Não se pode desconsiderar que os Tupinambá possuíam um grande domínio nesse espaço. Sua influência se estendia desde a área onde se localiza São Luis, no Maranhão, até – pelo menos – onde foi criada Belém (Meira Filho 1976; Lima 2006). Basta lembrar as revoltas indígenas ocorridas entre 1617 e 1619, desencadeadas desde a capital do Maranhão até o Grão-Pará (Coelho et al. 2006; Lima 2006). Em 1619, data da última revolta, Belém foi atacada por cerca de 10 mil indígenas liderados por Guaimiaba, guerreiro Tupinambá (Lima 2006). Mesmo que esses fatos tenham ocorrido no período histórico, eles são exemplificadores da articulação e poder Tupinambá nessa região, sendo que o número de guerreiros que atacam do Forte do Presépio mostra, mesmo que de forma não segura, a presença significativa de populações nativas nas proximidades do lugar onde se fundou Belém.

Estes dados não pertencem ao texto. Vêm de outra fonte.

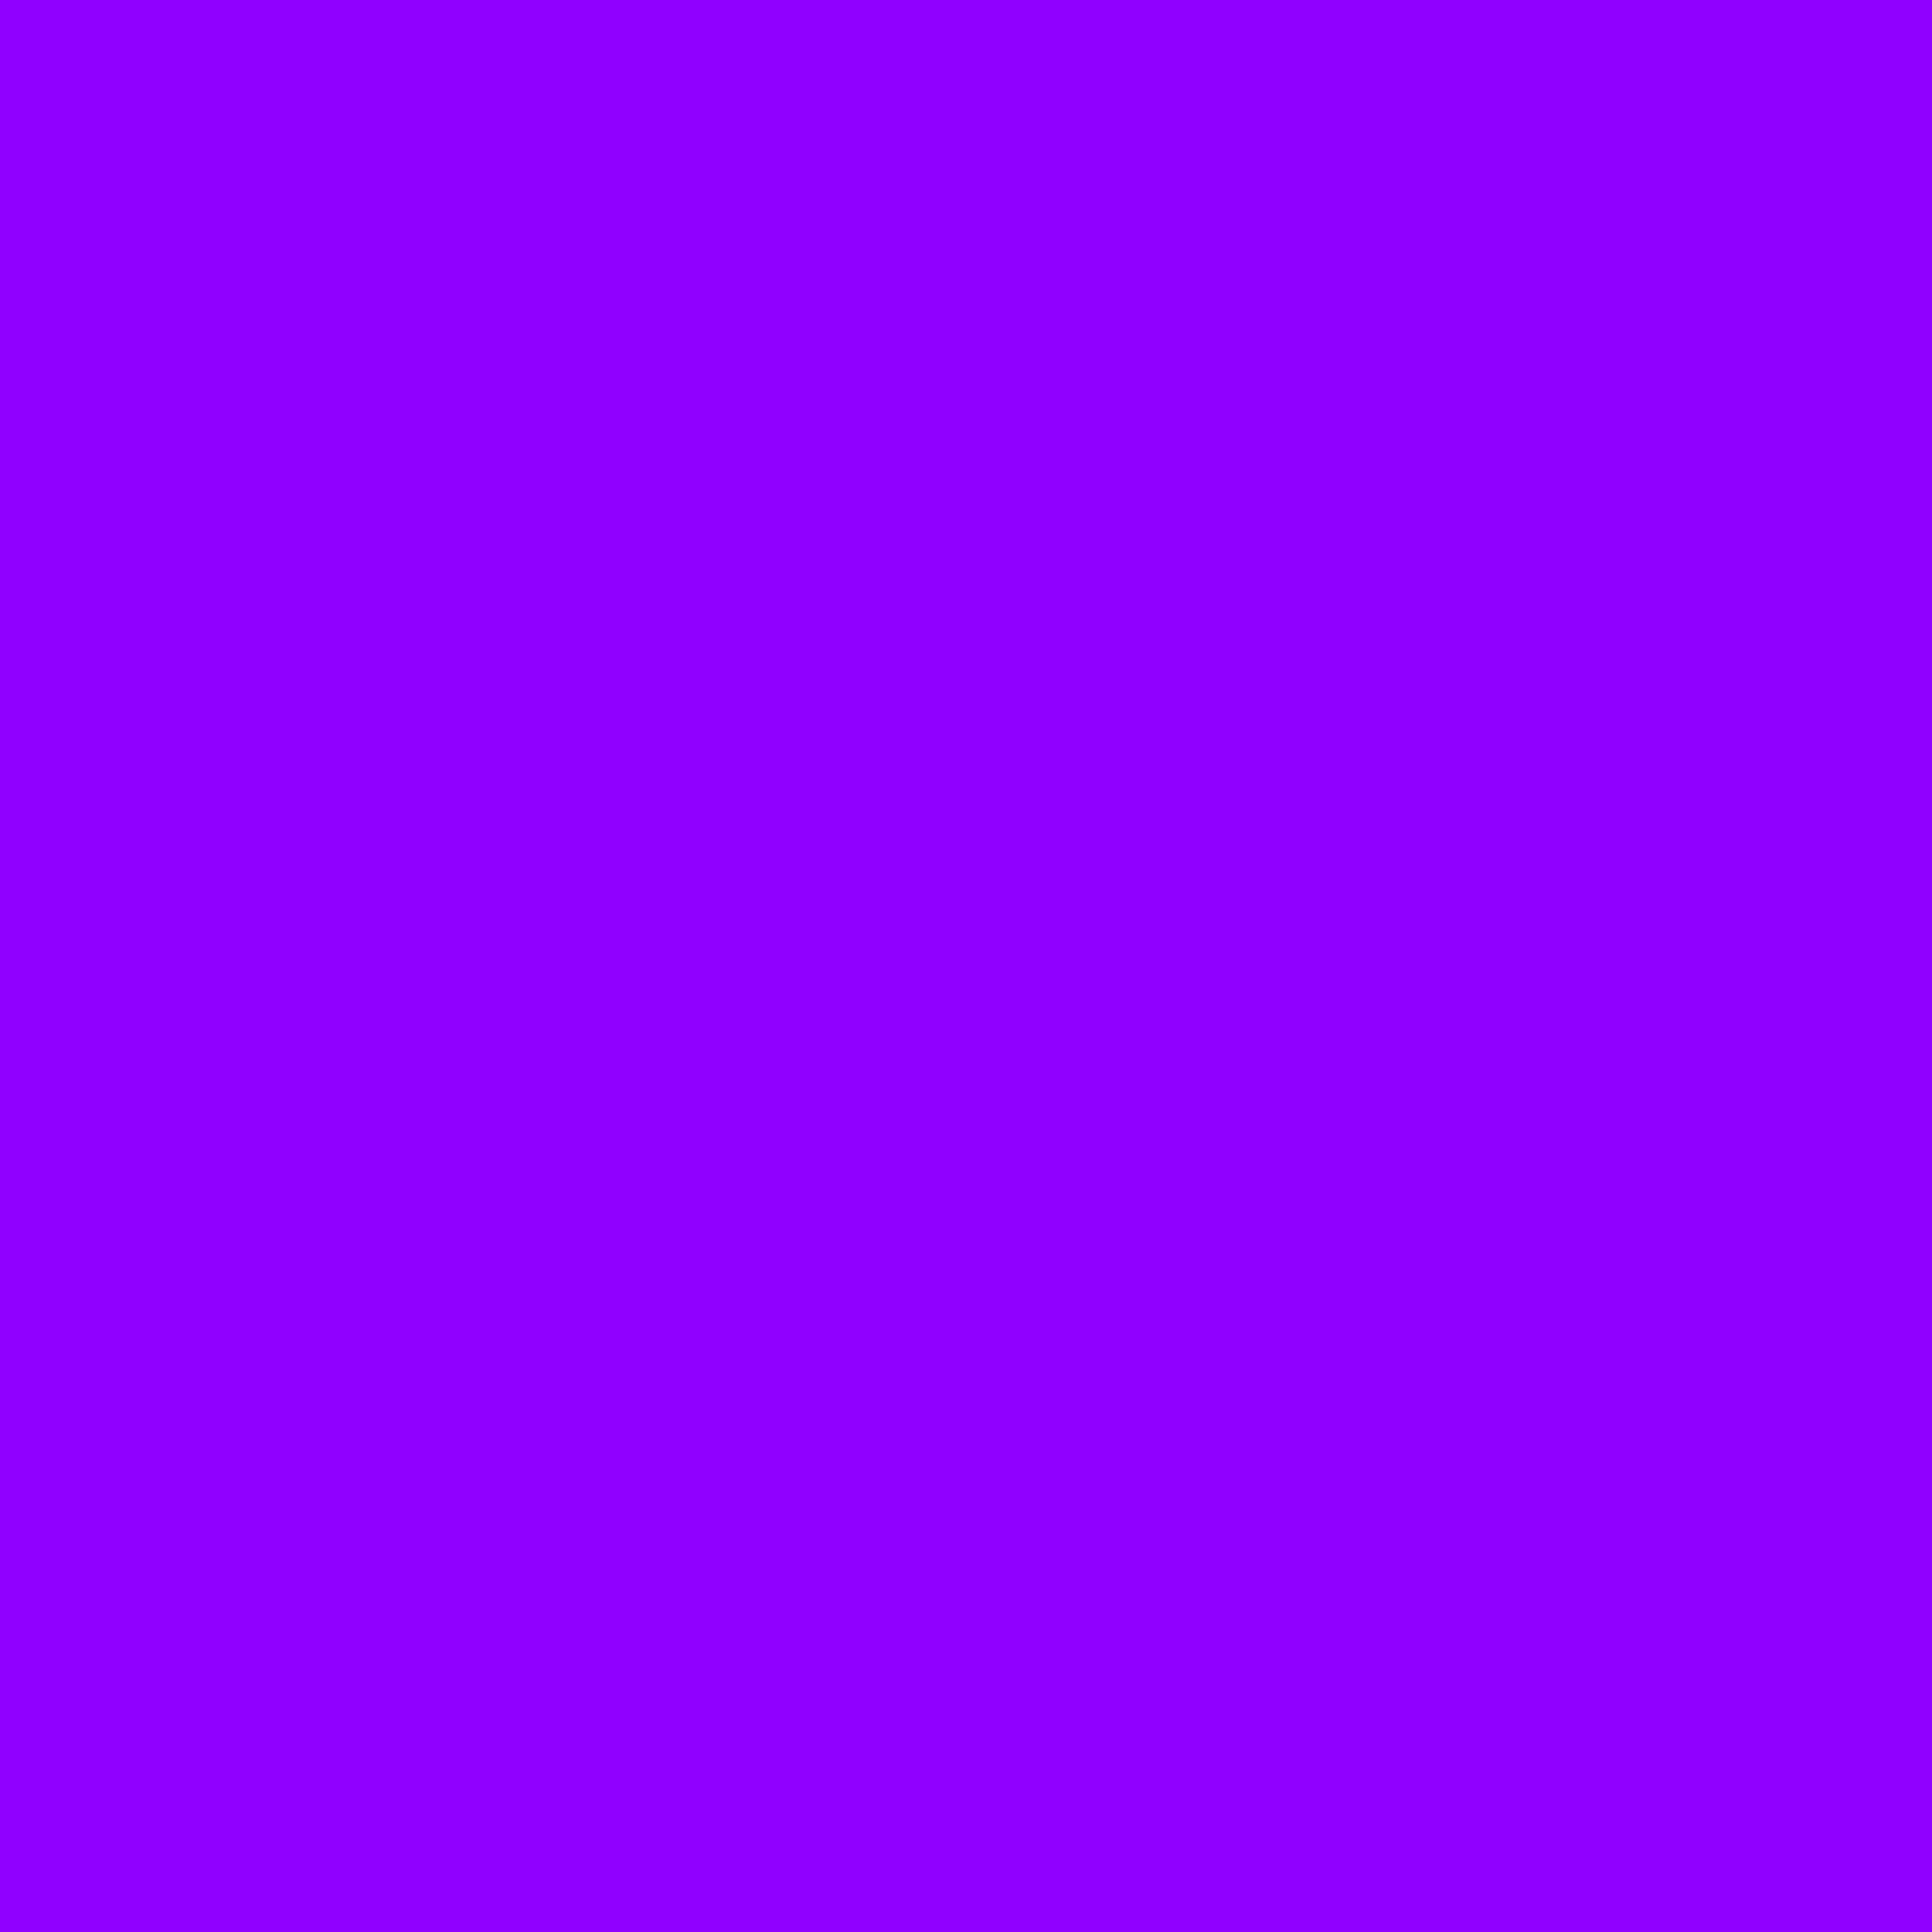 2048x2048 Violet Solid Color Background

Nesse sentido, essa área já era amplamente ocupada pelos Tupinambá, e provavelmente por outras etnias nos períodos anteriores. No que diz respeito ao período inicial da cidade, ainda no século XVII, é provável que as fronteiras Tupinambá tenham se confundido com a lógica territorialidade implementada pelos ibéricos, uma justaposição de limites e temporalidades que devem constar nesse tipo análise de longa duração (Crumley 1979).

Por volta do século XVIII as notas sobre os Tupinambá começam a decair. La Condamine (2000[1745]: 97-98) registrou que o domínio de “dois séculos” dessa “valente nação” se

restringiu, em 1745, a um pequeno aldeamento no rio Madeira. Após o ataque de 1619, esses índios foram incorporados ao processo colonial definitivamente, tendo sido aldeados nas missões próximas à Belém. O aldeamento, as epidemias e a miscigenação contribuíram para que nos fins desse século não se tivesse mais referências aos Tupinambá vivos (Coelho et al. 2006).